I agree with you: as creators, we need to come together and encourage one another wherever possible!
Personally, I struggle with comparisons too, although I've been a lot better about it in the last year or two. What I have to remember is that my style is different from another artist's, my approach is different, my stories are different; I had a major breakthrough when I realized I wasn't really being honest with myself. I'd look at another artist's work, another comic or what have you, and feel immediately bad about what I was doing.
Then I took a step back and asked myself, "is that really what you want to do?"
It wasn't. It never is. Even if it's something similar, it's not the same. Even if it's along the same lines, I would realize it differently, I would develop it differently.
It's still very hard to look at things sometimes if I like the style or approach, but something important to remember is that every artist has a different style. Like Judy Garland said, be yourself -- you'll only ever be a second-rate someone else. There already is one, after all!
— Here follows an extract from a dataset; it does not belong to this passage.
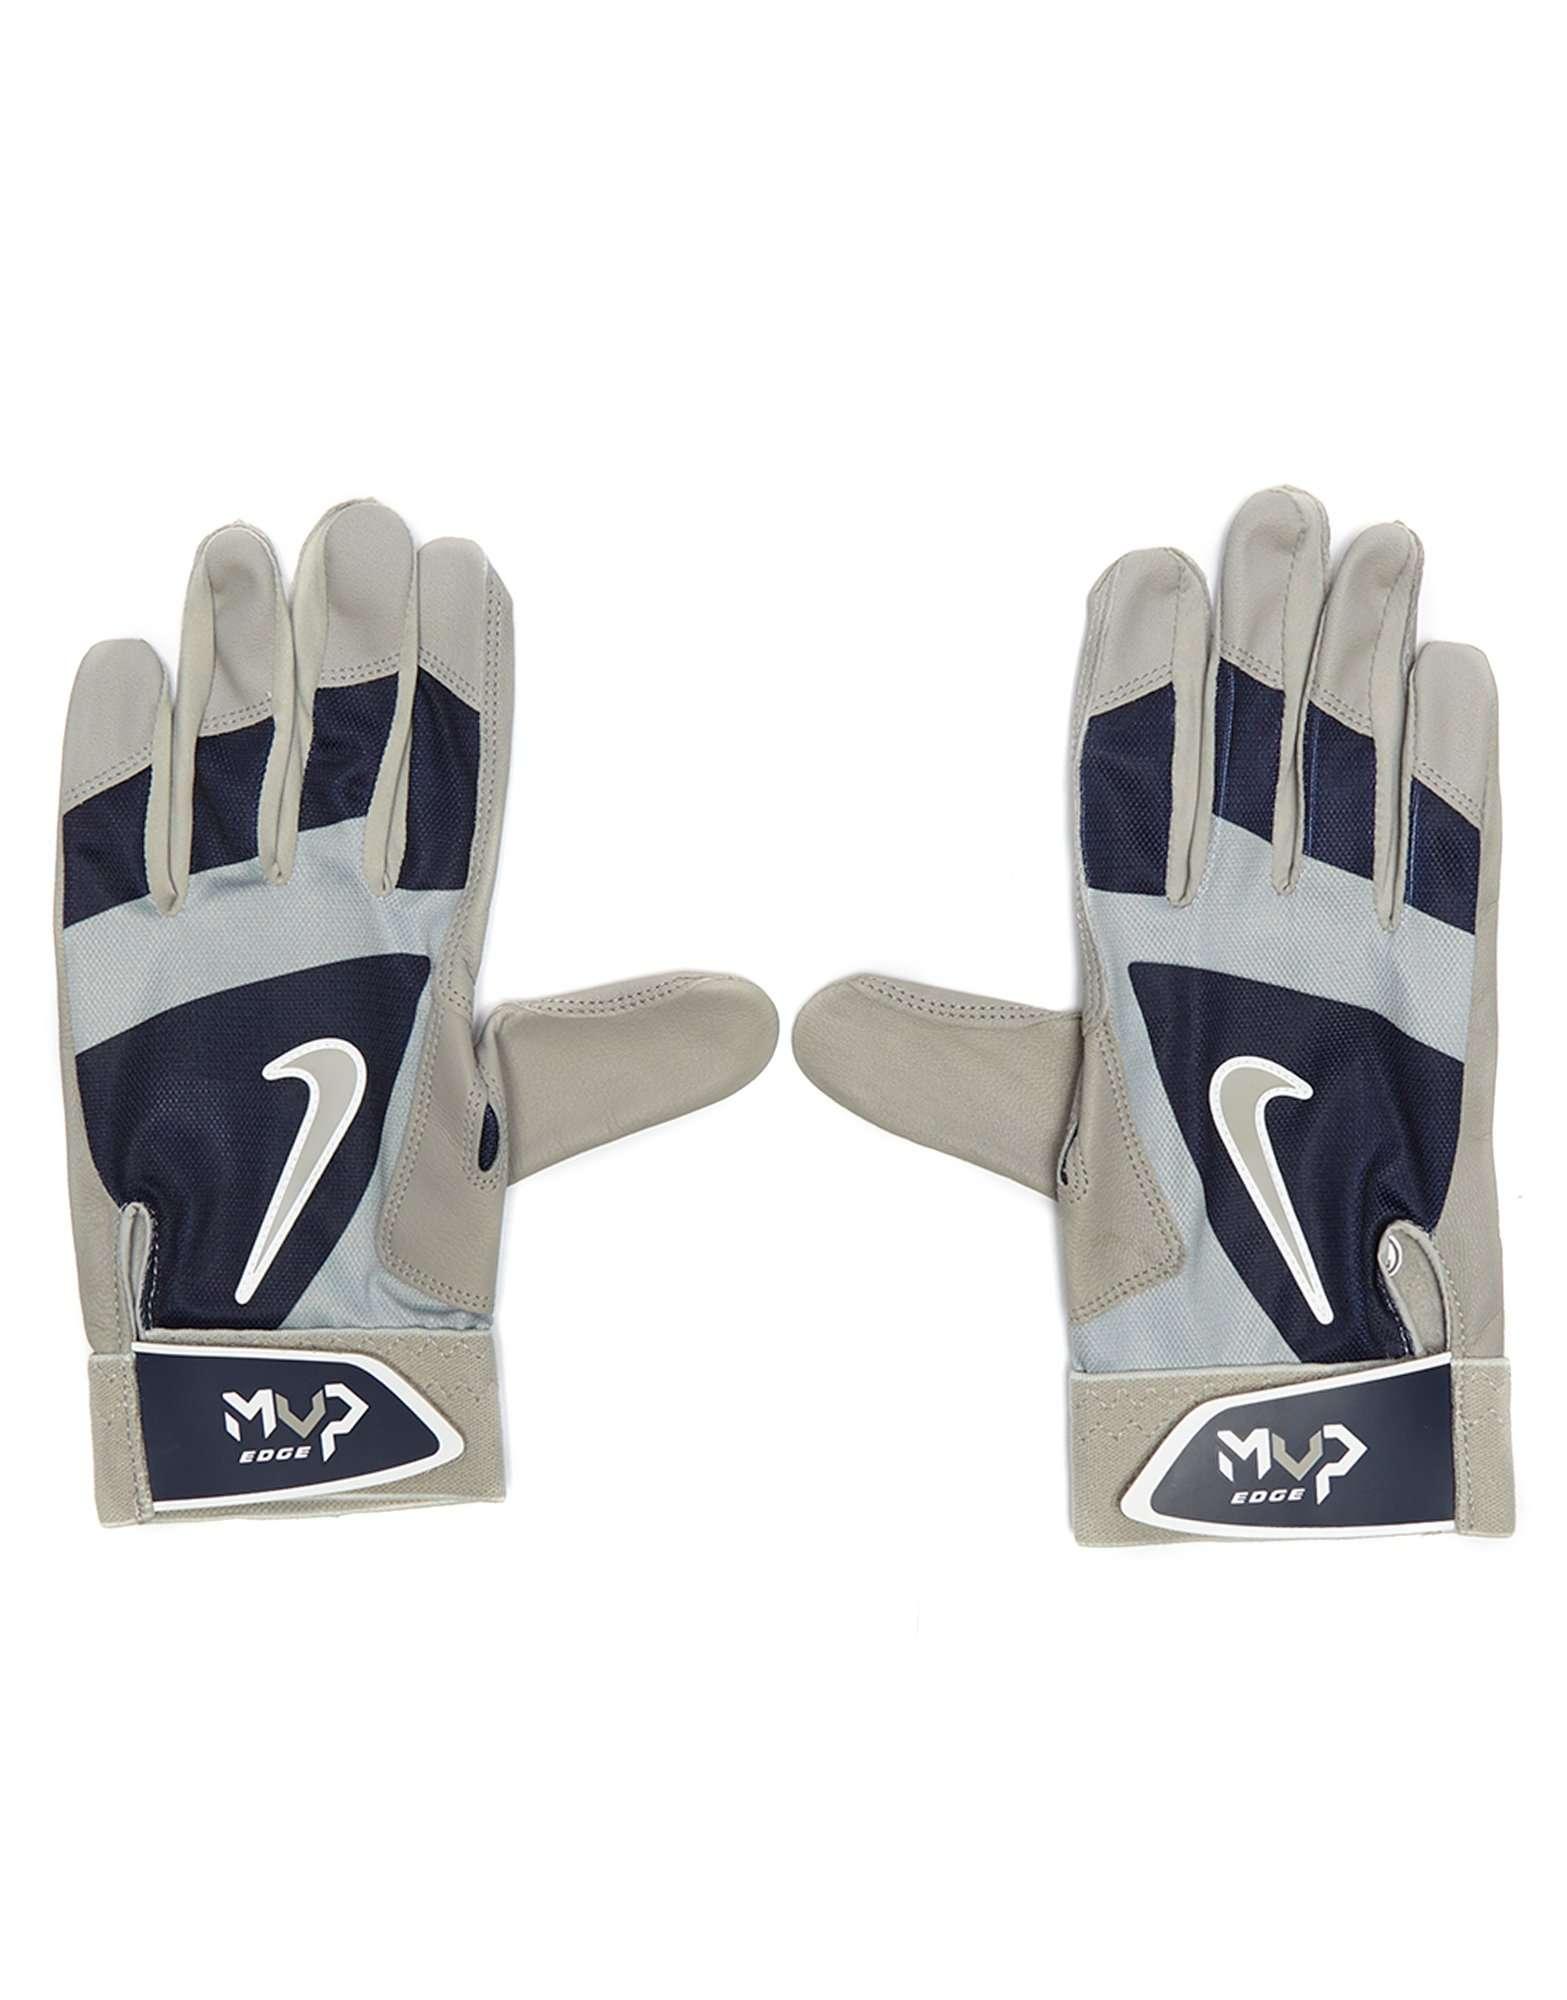 Leather gloves mens jd - Leather Gloves Mens Jd 7

We all have the things we're doing, and they're fantastic. We must hold onto them and keep working to develop our own personal styles. We're so familiar with our own work, our own output, that it often doesn't give us the same feelings or effects that others' work will. That's just natural. But it does give those feelings to others who enjoy our work. We are always going to be our own harshest critics, in large part because we are so intimately familiar with every slightest flaw due to working so long and so intimately with our art.
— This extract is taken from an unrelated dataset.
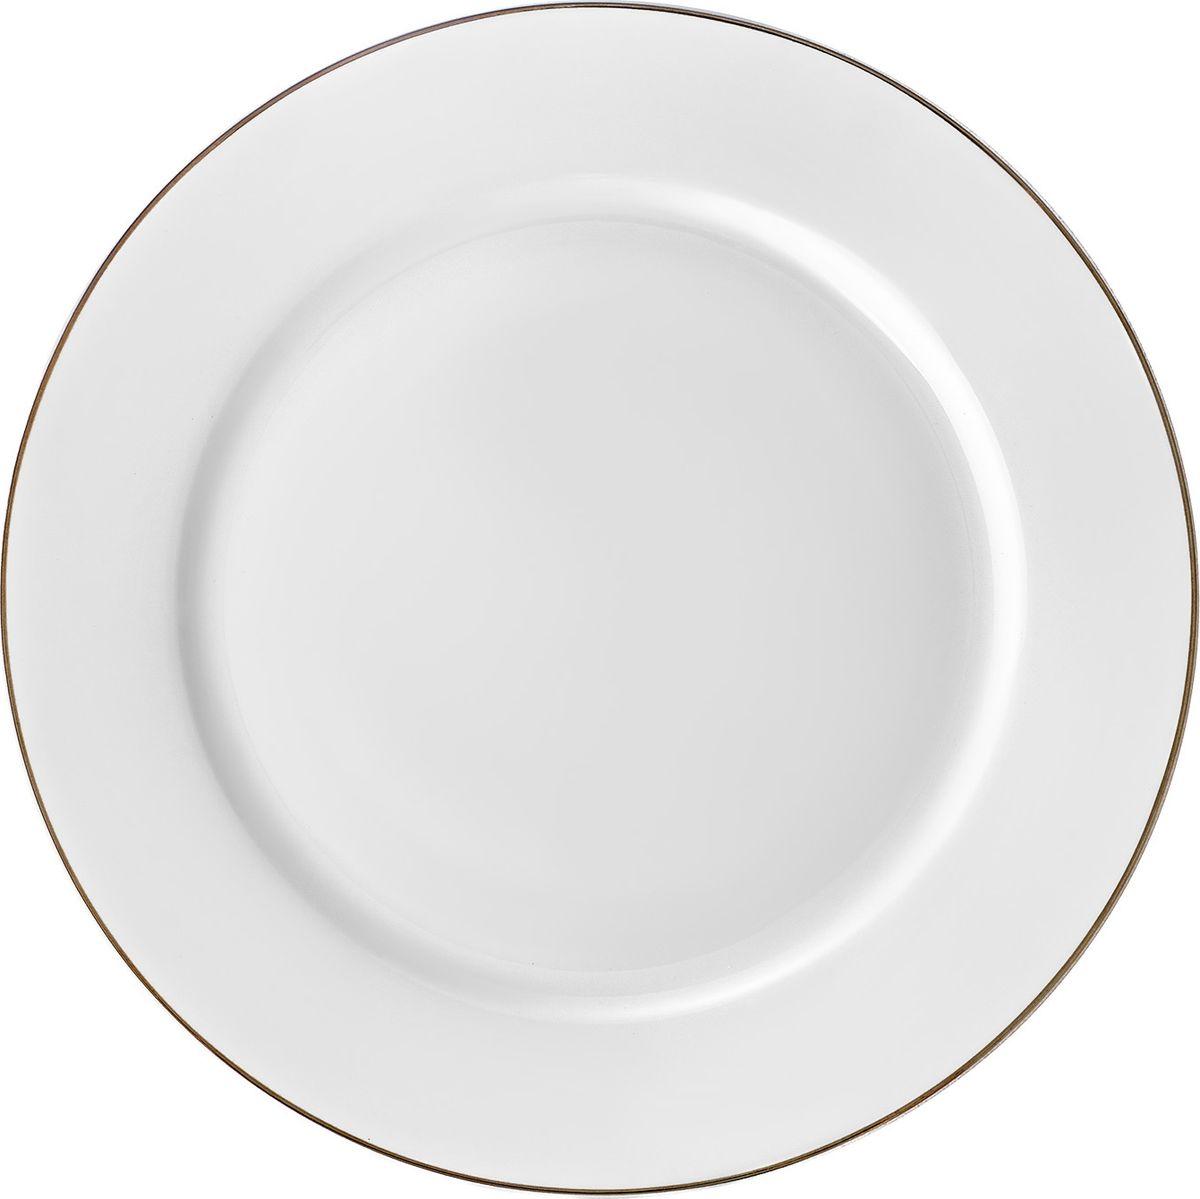 Набор тарелок 6 шт. десертная, 20,5 см, костяной фарфор Alpino, ALP020WE301

I'm always better at it when I'm giving someone feedback or critique they've approached me for, but I've finally started to remember it for myself: in art, there really is no "better" or "worse", art is expression and there is no handy scale for absolute figuring of quality. Photorealism for example is not superior, and it isn't a goal for every artist, or even most artists -- which is a huge thing for some people to realize. We must walk away from terms that set certain specific stylistic approaches above others. There is no better or worse, as I said; there is only "different".
We can always develop, and we will be developing the whole time we are creating art. A good artist, I think, continually develops and tries to become the best possible at any given time. It's perpetual learning. But as artists, and as audiences that appreciate creative work, I feel we must reach the point of understanding that every artist and every style is -- and should be -- essentially different. We must appreciate our abilities and skill that we have worked so hard to cultivate.